● **Provided data**
□ □ □ □ □

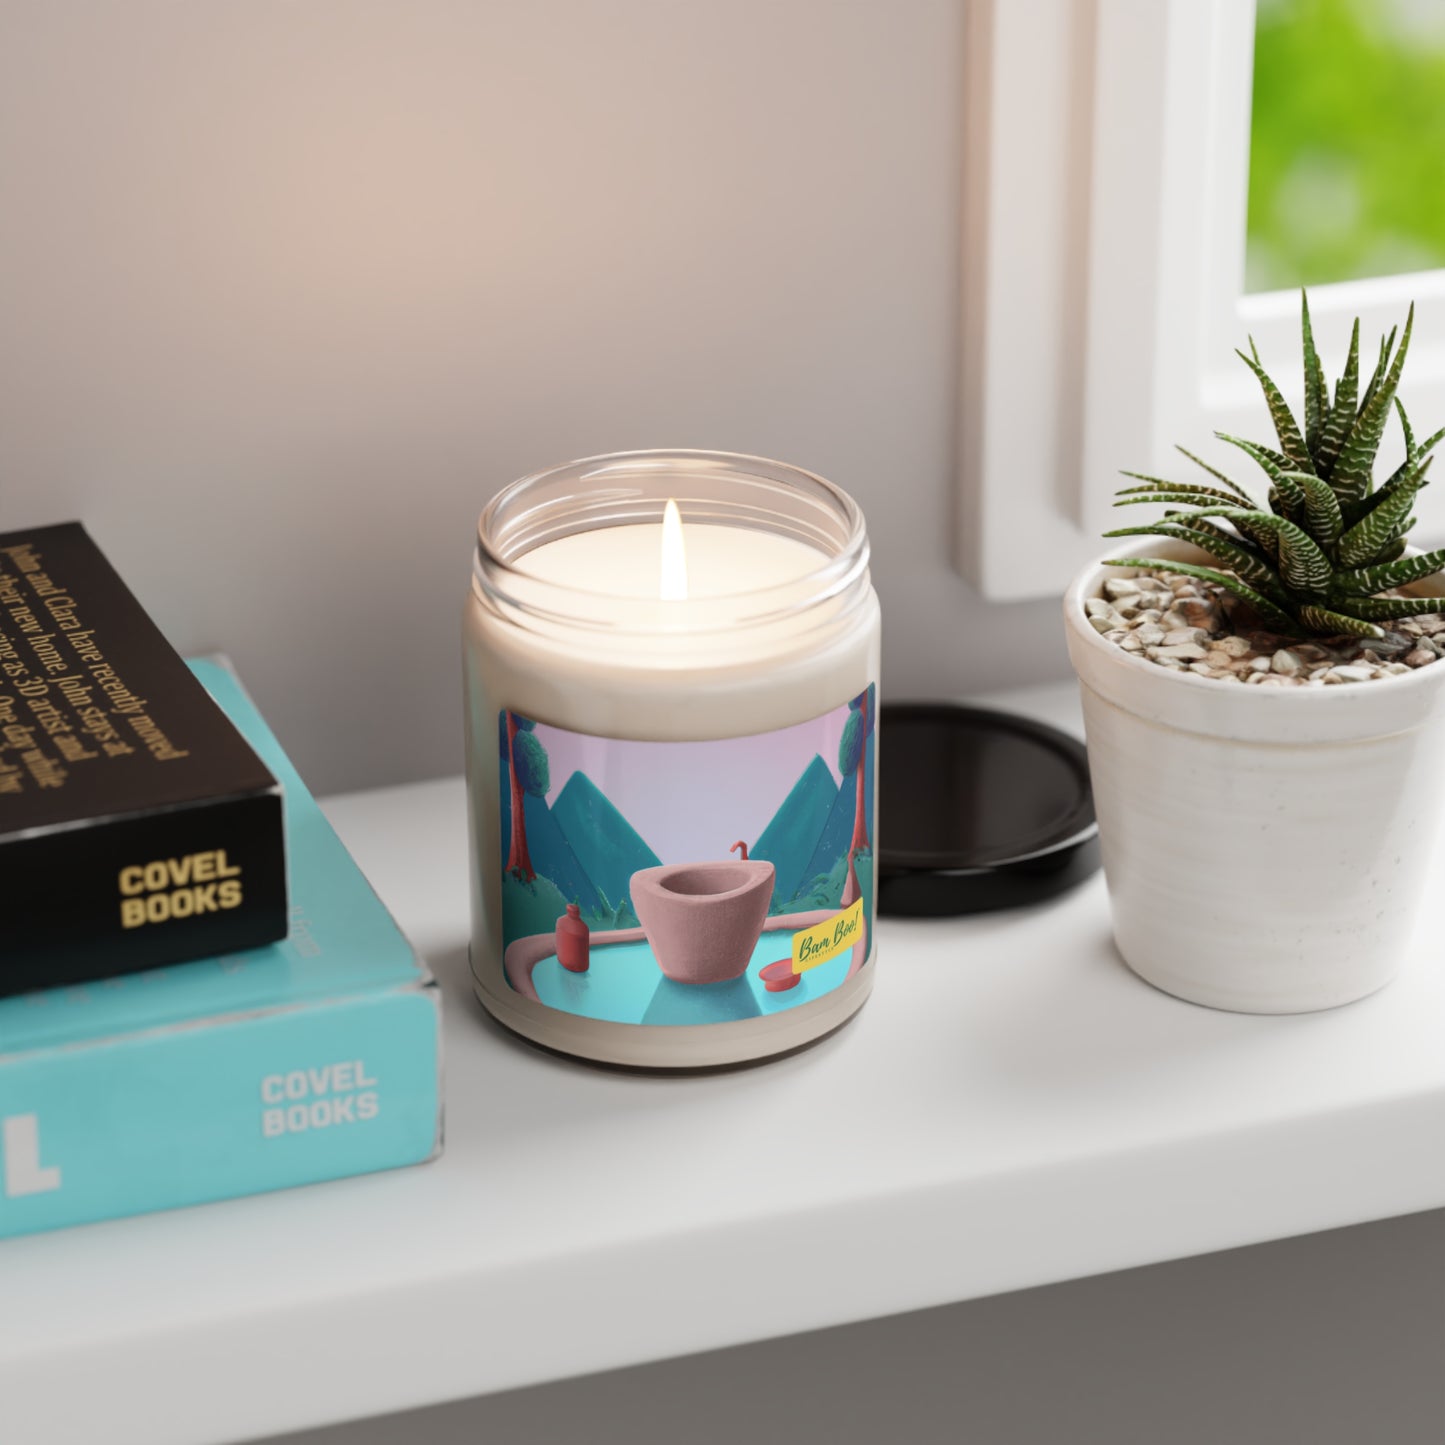 Dreamscaping: Crafting a Creative Landscape of Imagination - Bam Boo! Lifestyle Eco-friendly Soy Candle
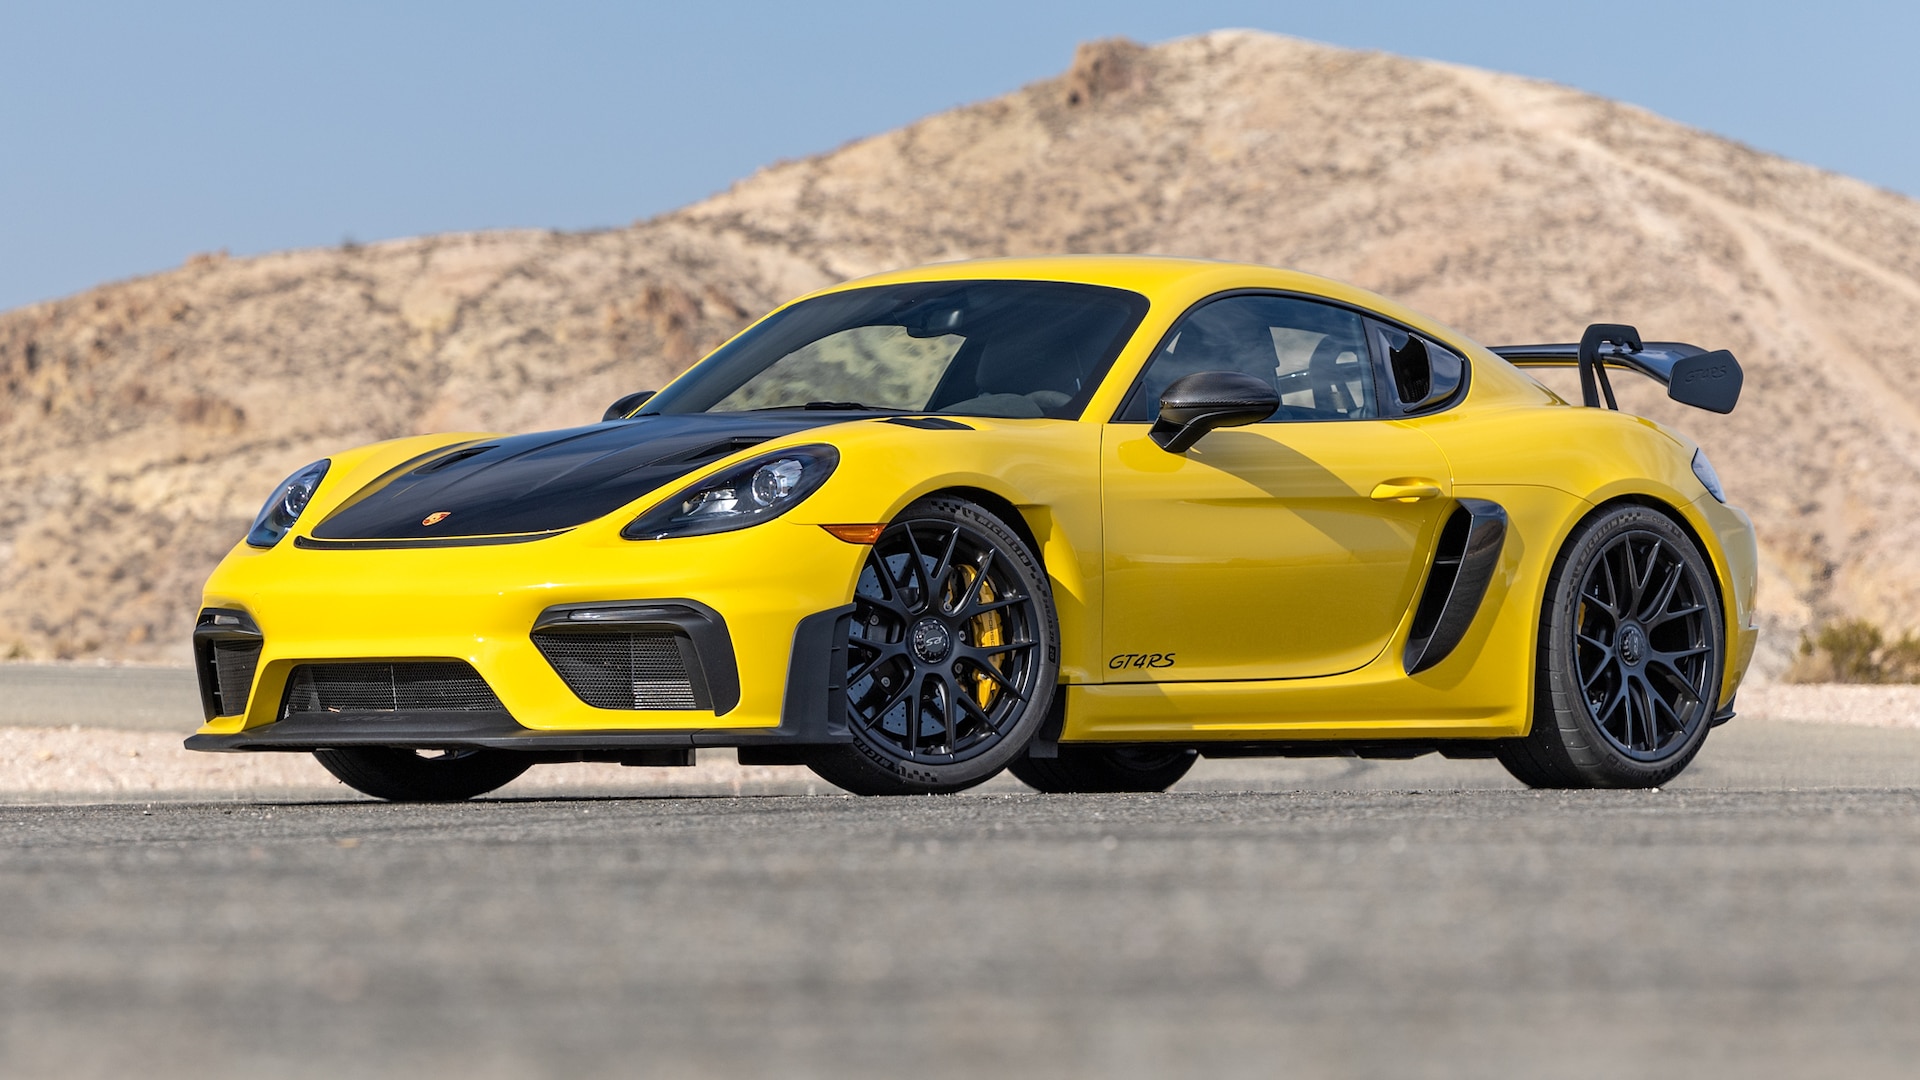 2023 Porsche 718 Cayman Prices, Reviews, and Photos - MotorTrend
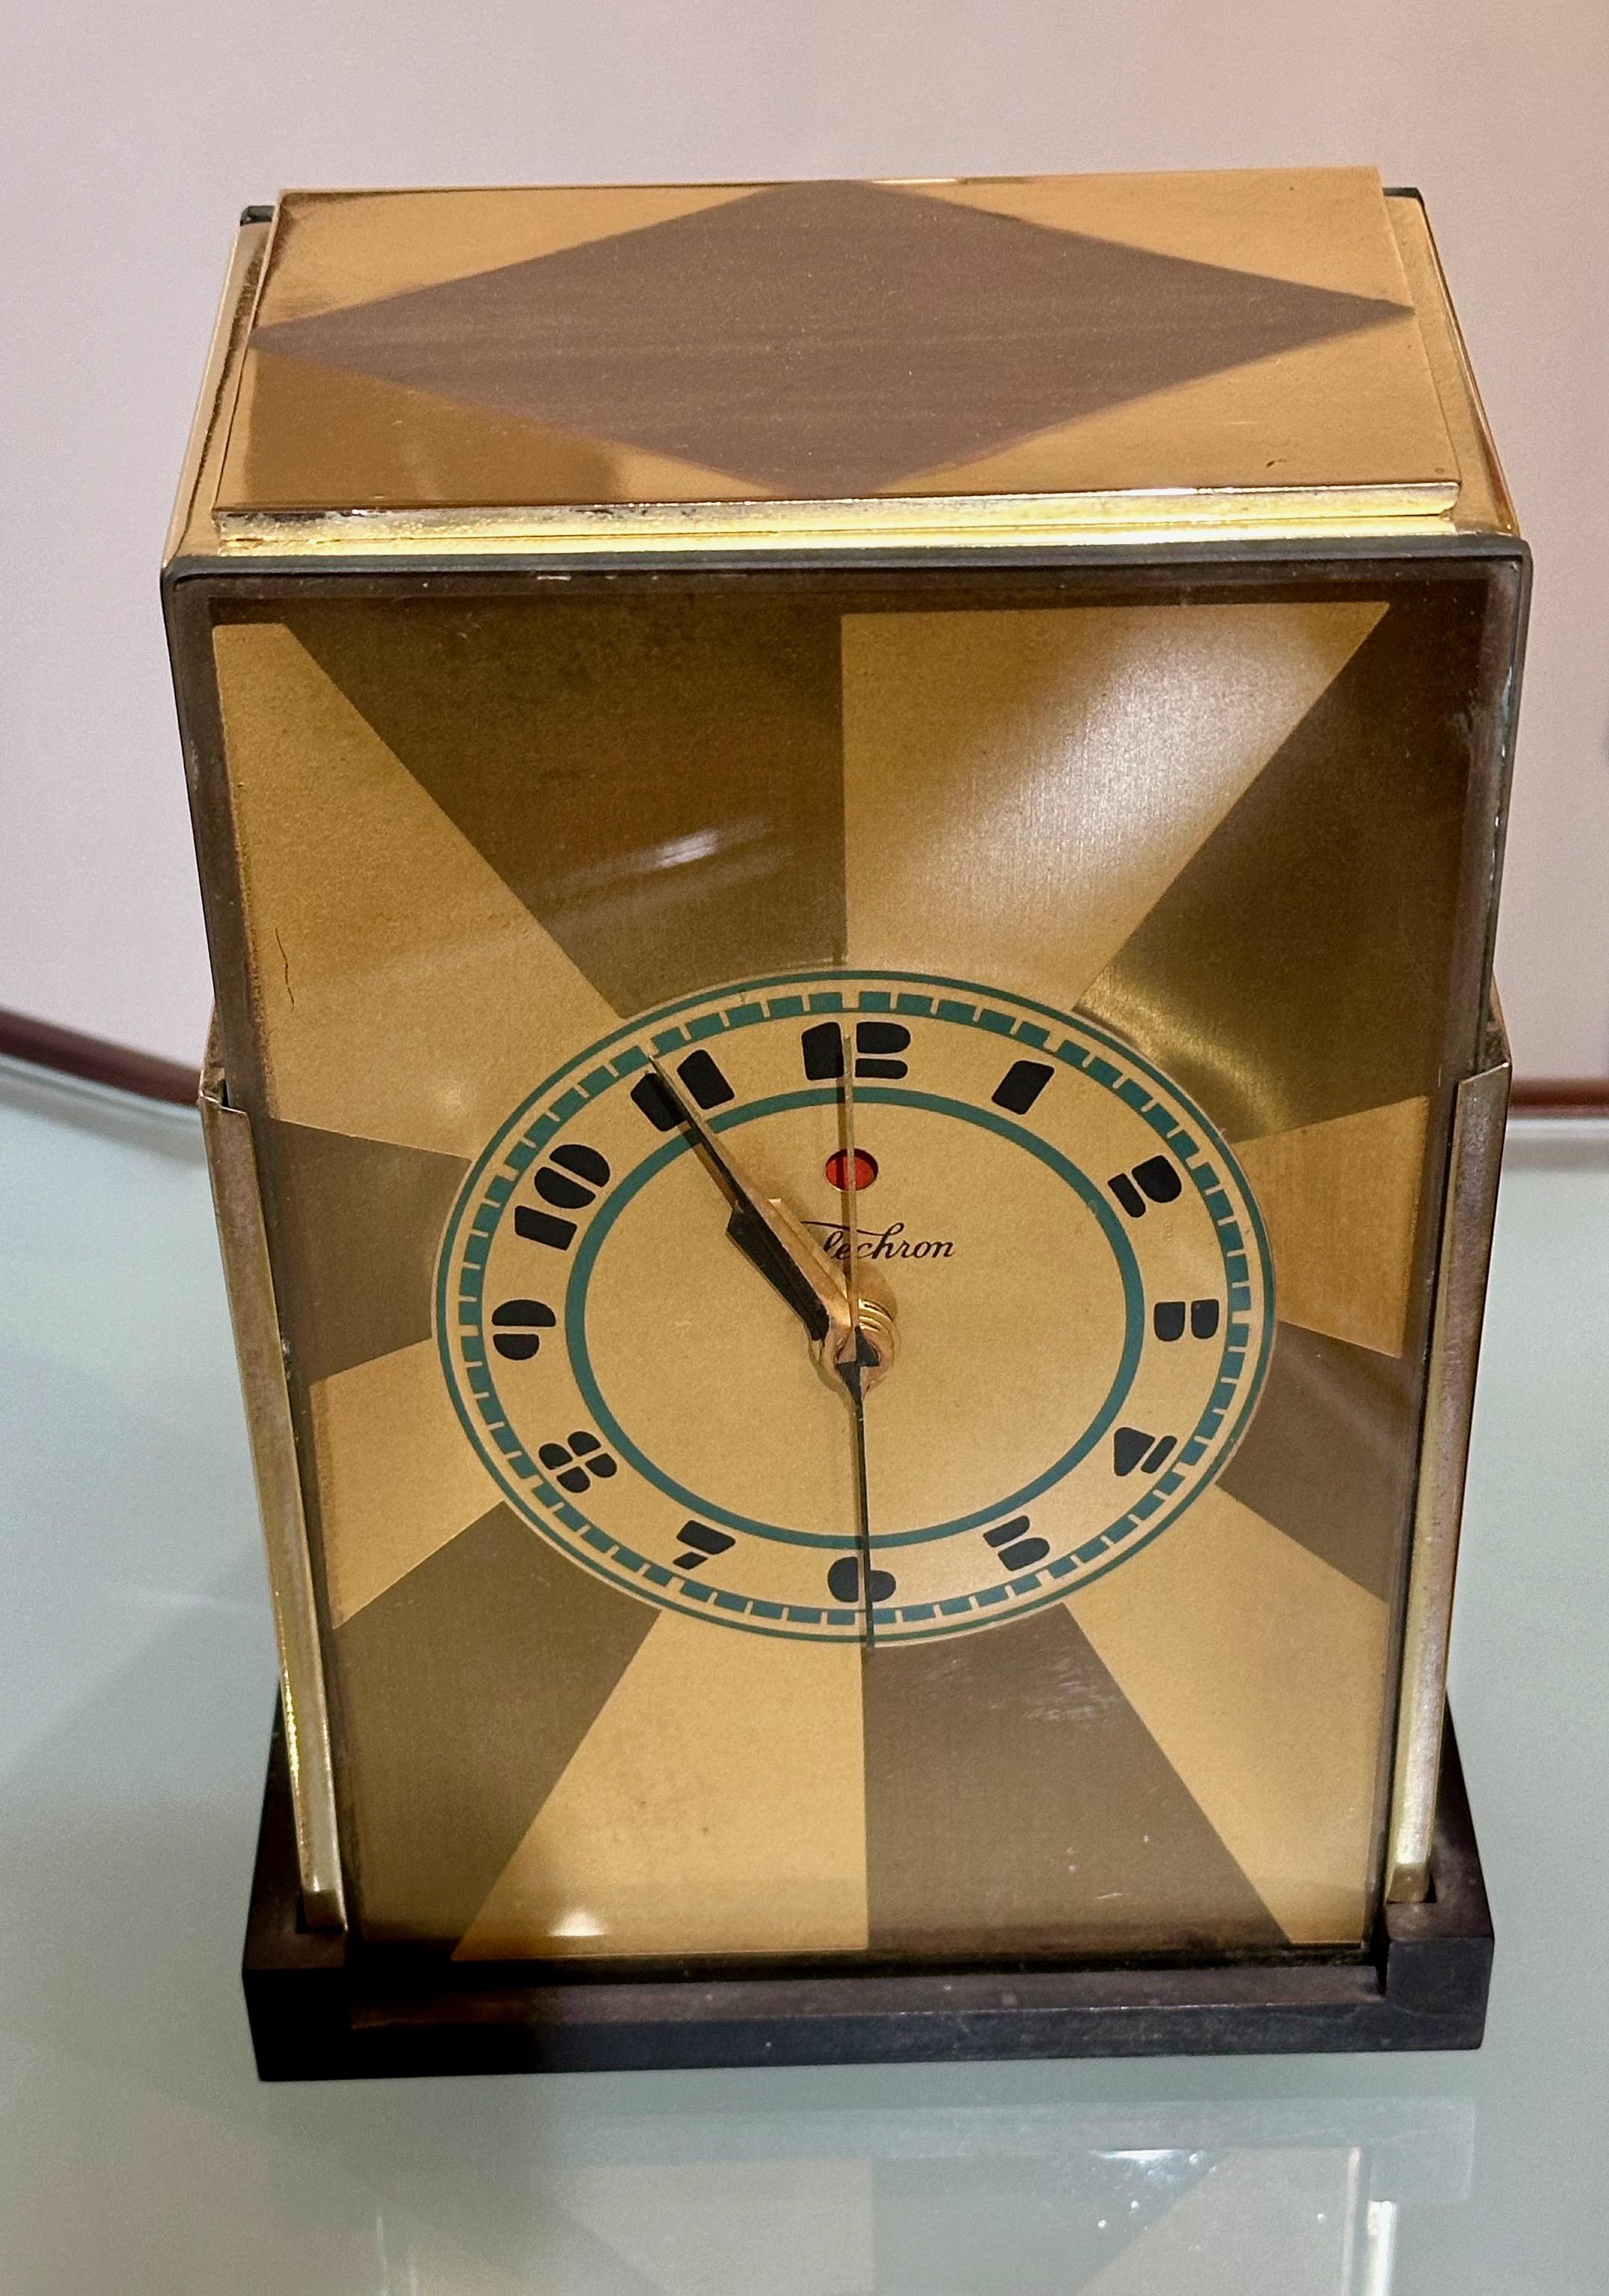 Art Deco Skyscraper Warren Telechron Clock 431Modernique by Paul Frankl, 1928. This very rare two-tone gold model with a bakelite base and rear panel includes a blue chapter ring dial with a black logo and numbers. This radio has just been recently

□ □ □ □ □

● **Work order**
Please keep every line of the data the same when you reproduce it, and keep every picture out.

● **Response to the exercise**
 Dreamscaping: Crafting a Creative Landscape of Imagination - Bam Boo! Lifestyle Eco-friendly Soy Candle
 2023 Porsche 718 Cayman Prices, Reviews, and Photos - MotorTrend
 Art Deco Skyscraper Warren Telechron Clock 431Modernique by Paul Frankl, 1928. This very rare two-tone gold model with a bakelite base and rear panel includes a blue chapter ring dial with a black logo and numbers. This radio has just been recently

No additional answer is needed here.